The 2024 8 Hours of Bahrain (officially known as the 2024 Bapco Energies 8 Hours of Bahrain) was an endurance sportscar racing event held on 2 November 2024, as the eighth and final round of the 2024 FIA World Endurance Championship. It was the thirteenth running of the event, and the sixth running of the event in an extended 8-hour format.

== Background ==
The event, which ran over a duration of eight hours for the sixth time in a row, was announced during the 2023 24 Hours of Le Mans weekend. The 8 Hours of Bahrain has been featured on the calendar since the series' inception in 2012.

== Entry list ==
The entry list was published on 17 October 2024, and saw several changes compared to the previous entry list.
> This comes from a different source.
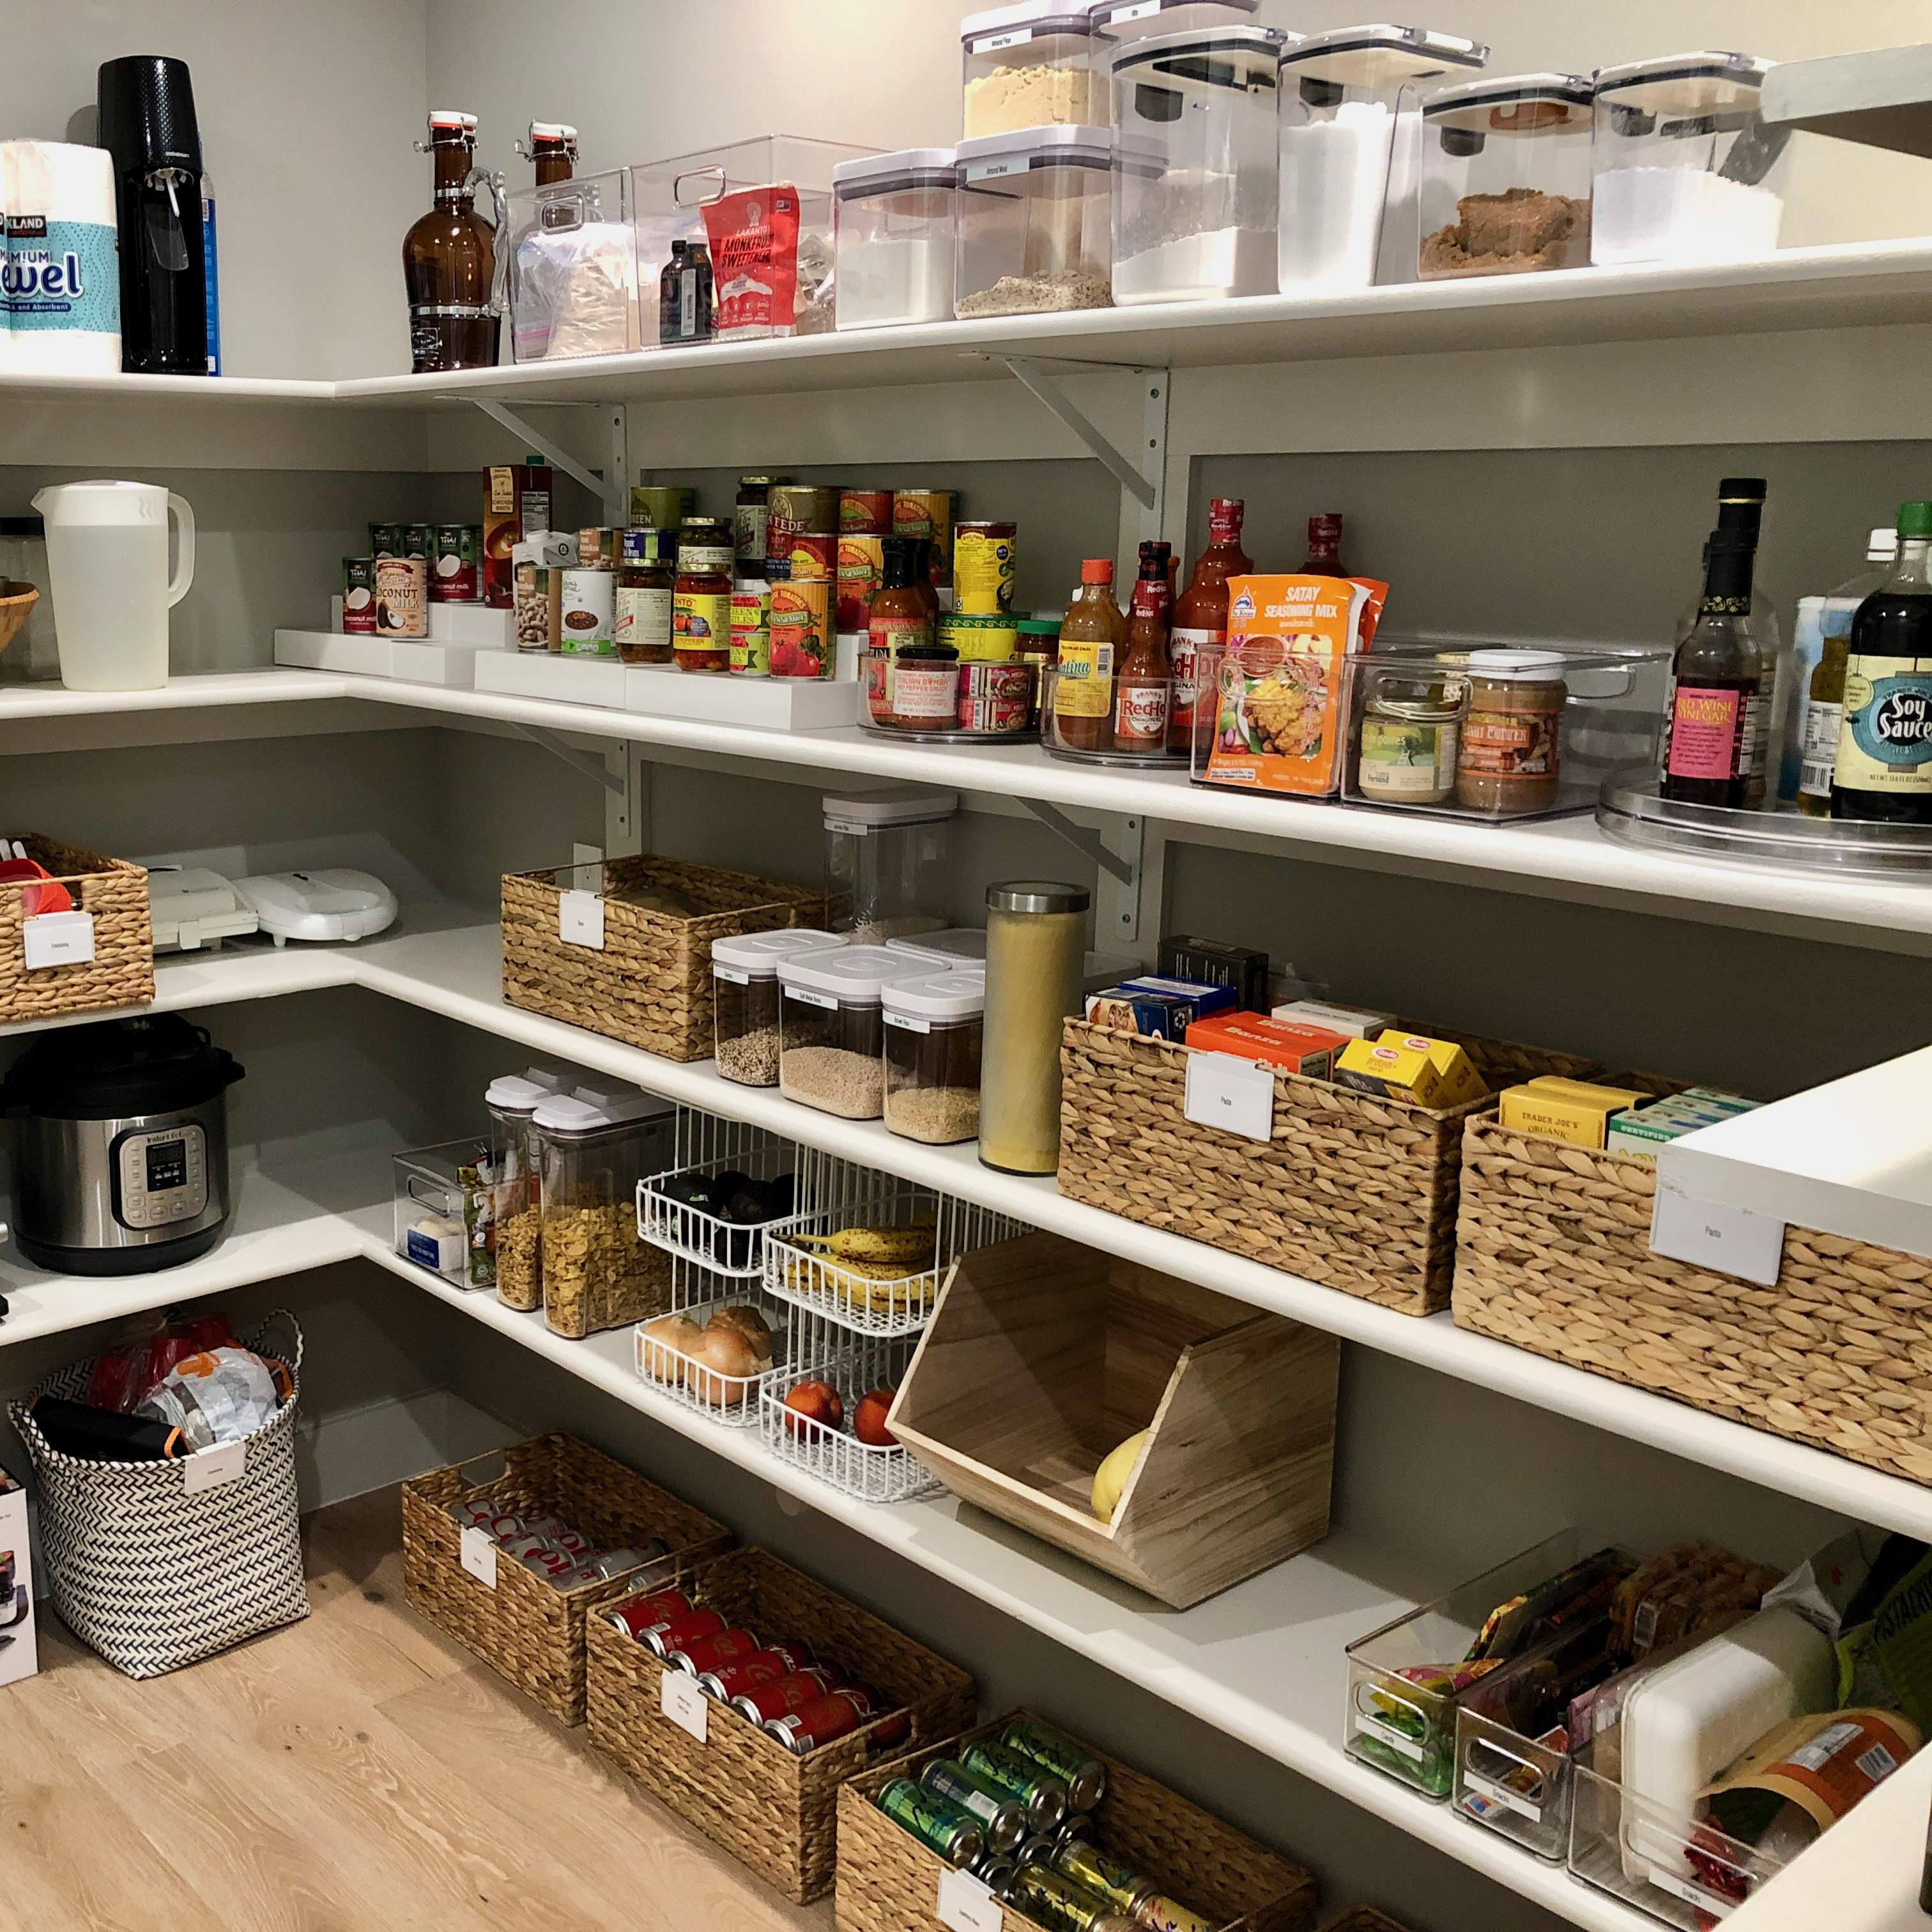 Kitchen pantry with grocery items organized on shelves. Baskets and bins hold various categories

Sébastien Bourdais re-joined the No. 2 Cadillac Racing crew, after previously having driven at the 2024 Qatar 1812 km. After Nicolas Lapierre's decision to retire from racing with immediate effect, Jules Gounon took over his seat in the No. 35 Alpine Endurance Team entry, whilst Charles Milesi joined the No. 36 crew. In LMGT3, Giorgio Roda joined the No. 88 Proton Competition team for the first time since Le Mans. Giammarco Levorato replaced Mikkel O. Pedersen in the same car. Furthermore, Franck Perera was replaced by Matteo Cairoli in the No. 60 Iron Lynx entry. Finally, Conrad Laursen replaced Clemens Schmid in the No. 78 Akkodis ASP Team entry.

== Schedule ==

| Date | Time (local: AST) | Event |
| Thursday, 31 October | 12:15 | Free Practice 1 |
| 17:30 | Free Practice 2 |
| Friday, 1 November | 12:00 | Free Practice 3 |
| 16:00 | Qualifying - LMGT3 |
| 16:20 | Hyperpole - LMGT3 |
| 16:40 | Qualifying - Hypercar |
| 17:00 | Hyperpole - Hypercar |
| Saturday, 2 November | 14:00 | Race |
Source:

== Practice ==
Three practice sessions were held before the event: two were held on Thursday, and one was held on Friday. The sessions on Thursday morning and Thursday afternoon lasted 90 minutes, and the session on Fruday morning lasted 60 minutes.

=== Practice 1 ===
The first practice session started at 12:15 AST on Thursday. Paul di Resta topped the session in the No. 94 Peugeot TotalEnergies entry, with a lap time of 1:50.837. Frédéric Makowiecki's No. 5 Porsche Penske Motorsport car was second-quickest, 0.049 seconds behind Di Resta. The No. 51 Ferrari AF Corse entry of Antonio Giovinazzi was third-quickest, 0.204 seconds behind Di Resta. Jean-Éric Vergne and Laurens Vanthoor rounded out the top five in the No. 93 Peugeot and No. 6 Porsche, respectively. Kelvin van der Linde led LMGT3 in the No. 78 Akkodis ASP Team entry, with a lap time of 2 minutes, 2.079 seconds. Alessio Rovera slotted in to second place in the No. 55 Vista AF Corse entry, 0.263 seconds behind Van der Linde. Matteo Cairoli rounded out the top three in the No. 60 Iron Lynx entry, 0.739 seconds behind Van der Linde.

| Class | No. | Entrant | Driver | Time |
| Hypercar | 94 | FRA Peugeot TotalEnergies | GBR Paul di Resta | 1:50.837 |
| LMGT3 | 78 | FRA Akkodis ASP Team | ZAF Kelvin van der Linde | 2:02.079 |
Source:

- Note: Only the fastest car in each class is shown.

=== Practice 2 ===
The second practice session started at 17:30 AST on Thursday, and saw Dries Vanthoor lead the session in the No. 15 BMW M Team WRT entry, with a lap time of 1:48.257. He was 0.054 seconds quicker than Matt Campbell in the No. 5 Porsche, with Giovinazzi in the No. 51 Ferrari once again taking the third position, 0.215 seconds behind Vanthoor. Esteban Masson led the LMGT3 class in the No. 87 Lexus, with a lap time of 2:02.246. He was 0.655 seconds quicker than Hiroshi Koizumi in the No. 82 TF Sport entry, with François Hériau rounding out the top three in the No. 55 Ferrari.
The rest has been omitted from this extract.